The aforementioned findings emphasize the possibility of synergistic interactions between ionizing and non-ionizing radiation amplifying DNA damage and, thus, carcinogenic potential. Beyond cancer, ionizing radiation has been linked to a variety of non-cancer health concerns, particularly when exposure is moderate to high or affects sensitive tissues. Radiation-induced cataracts are a well-documented deterministic consequence, with even modest doses (0.5 Gy) causing opacities in the eye's lens[30]. Cardiovascular effects have also gained significant attention in recent years; studies have shown that radiation doses exceeding 0.5–1.0 Gy to the heart or major arteries are associated with increased risk of ischemic heart disease and stroke [31,32]. Chronic exposure has also been implicated in promoting atherosclerosis and microvascular damage, possibly through persistent inflammation and endothelial dysfunction [33]. Additionally, high-dose radiation to the brain, especially in children, has been linked to neurocognitive impairments and neuroendocrine dysfunctions [34,35].

The use of cytogenetic assays, such as the dicentric chromosome assay, remains a gold standard for estimating absorbed radiation doses and offers insight into potential long-term health effects, including cancer risk [36,37]. The findings of this study reinforce the need to consider combined exposures in radiation protection frameworks, particularly in clinical, occupational, or environmental settings where individuals may be exposed to both ionizing and non-ionizing radiation sources.
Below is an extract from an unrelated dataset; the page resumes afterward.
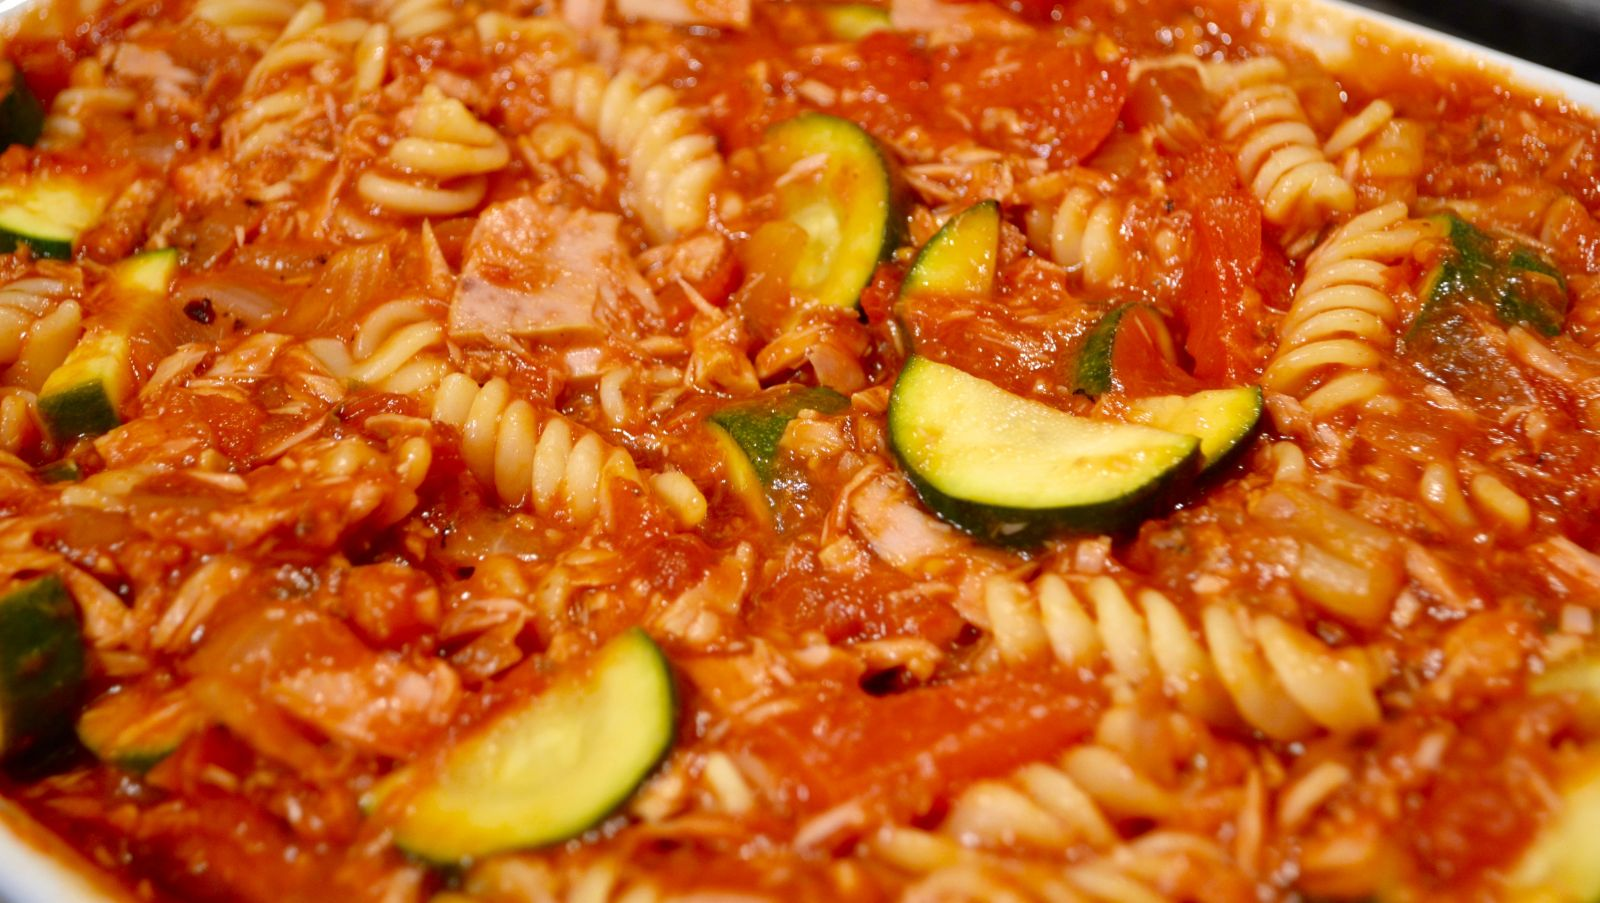 Recipe: Simple & Healthy Tuna Pasta Bake!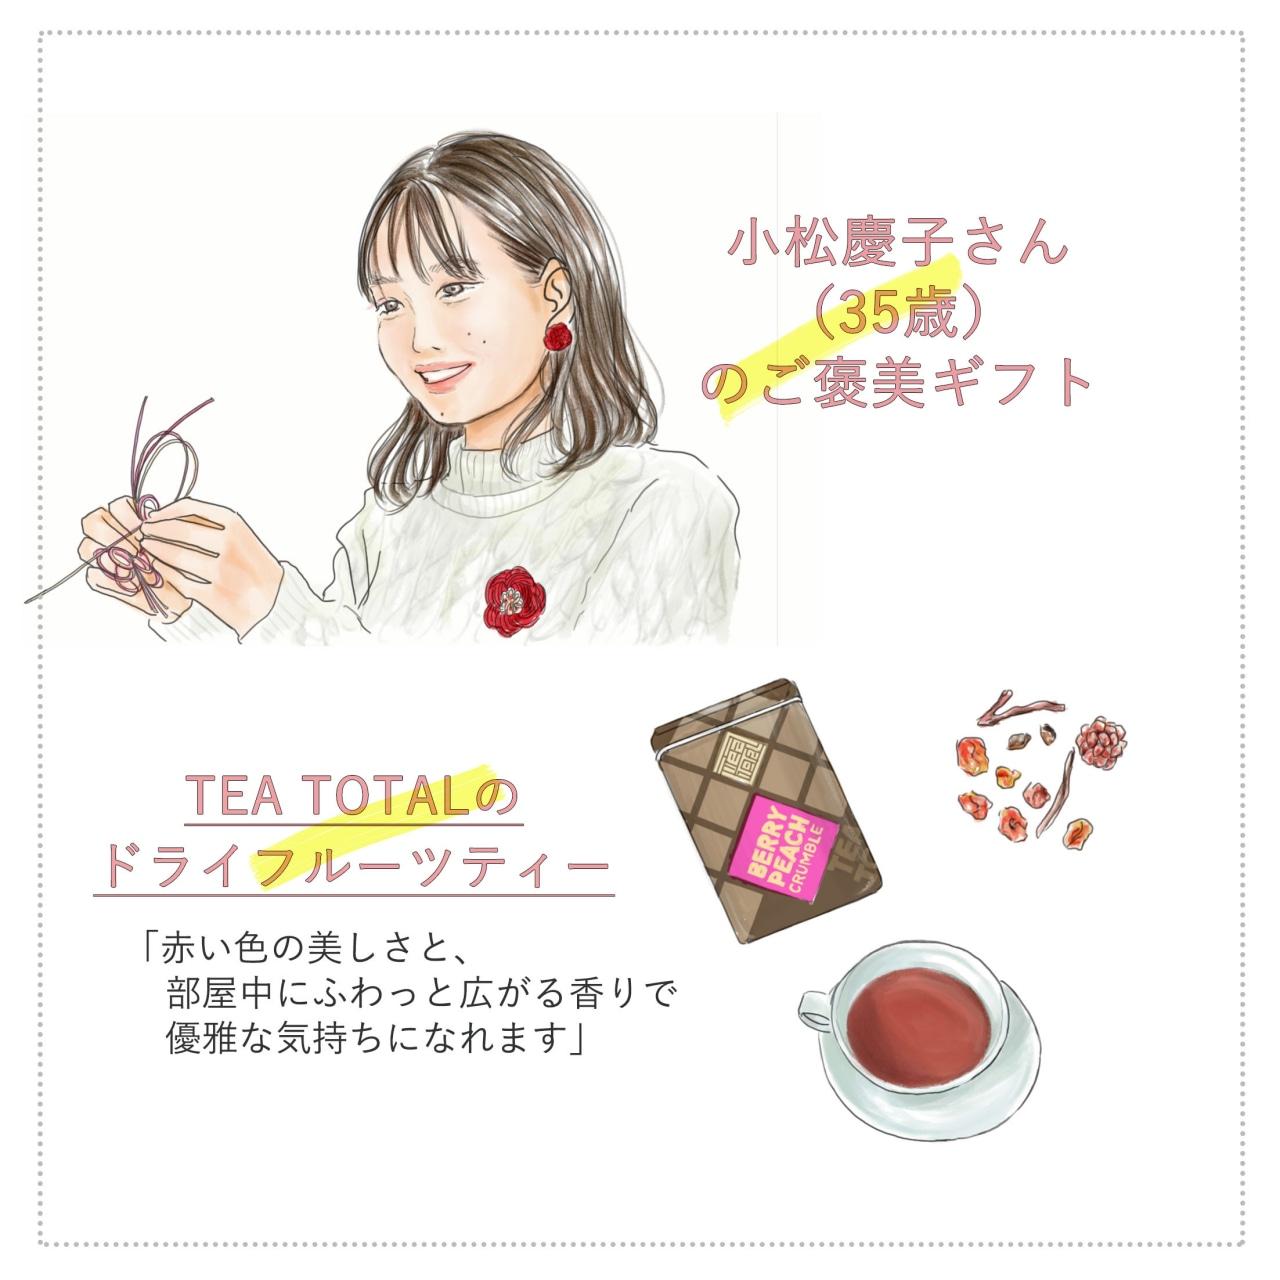 東京と福岡でデュアルライフを送る株式会社Tryfe取締役の境美希さん(31歳)

In addition to increased dicentric chromosome formation, our study revealed a notable presence of acentric fragments in peripheral blood lymphocytes following co-exposure to 1 Gy gamma rays and 100 J/m² UVB. The simultaneous elevation of both aberration types suggests distinct yet complementary damage pathways activated by the combined exposure. The mechanistic differences between dicentrics and fragments become especially relevant in the context of combined gamma rays and UVB exposure [37-39]. Gamma rays induce DSBs via direct ionization and, indirectly, through ROS production, affecting both nuclear and mitochondrial DNA. UVB, although being a non-ionizing radiation, causes bulky DNA lesions such as cyclobCPDs and 6-4 photoproducts, which primarily stall DNA replication forks and activate the NER pathway [40,41]. When combined, UVB may inhibit accurate DSB repair by either saturating repair machinery or interfering with signaling cascades such as ATM/ATR and p53. This replication stress can convert UVB-induced lesions into DSBs during the S-phase, further compounding the damage initiated by gamma rays. The net result is both increased misrejoining (yielding dicentrics) and accumulated unrepaired breaks (leading to fragments) [42]. Biologically, the presence of both dicentrics and fragments indicates not only enhanced chromosomal instability but also increased cell heterogeneity, which is a known cause of clonal evolution and cancer[43]. While dicentrics are unstable and often removed during cell division, acentric fragments can persist longer and may be incorporated into micronuclei, contributing to chromothripsis-like events and long-term genomic instability [7,44,45].

5. Conclusions

Exposing PBMCs to both gamma rays and UVB radiation causes a synergistic increase in DNA damage, as shown by increased dicentric formation and γH2AX signaling. To forecast dicentric yields, an enhanced linear-quadratic model was devised, which included interaction terms that were dependent on dosage time and radiation sequence. The model correctly captured observed patterns across several donors and sample types, demonstrating its usefulness in mixed-radiation biodosimetry. These findings emphasize the significance of exposure context and encourage the use of synergy-based modeling in future radiation risk evaluations.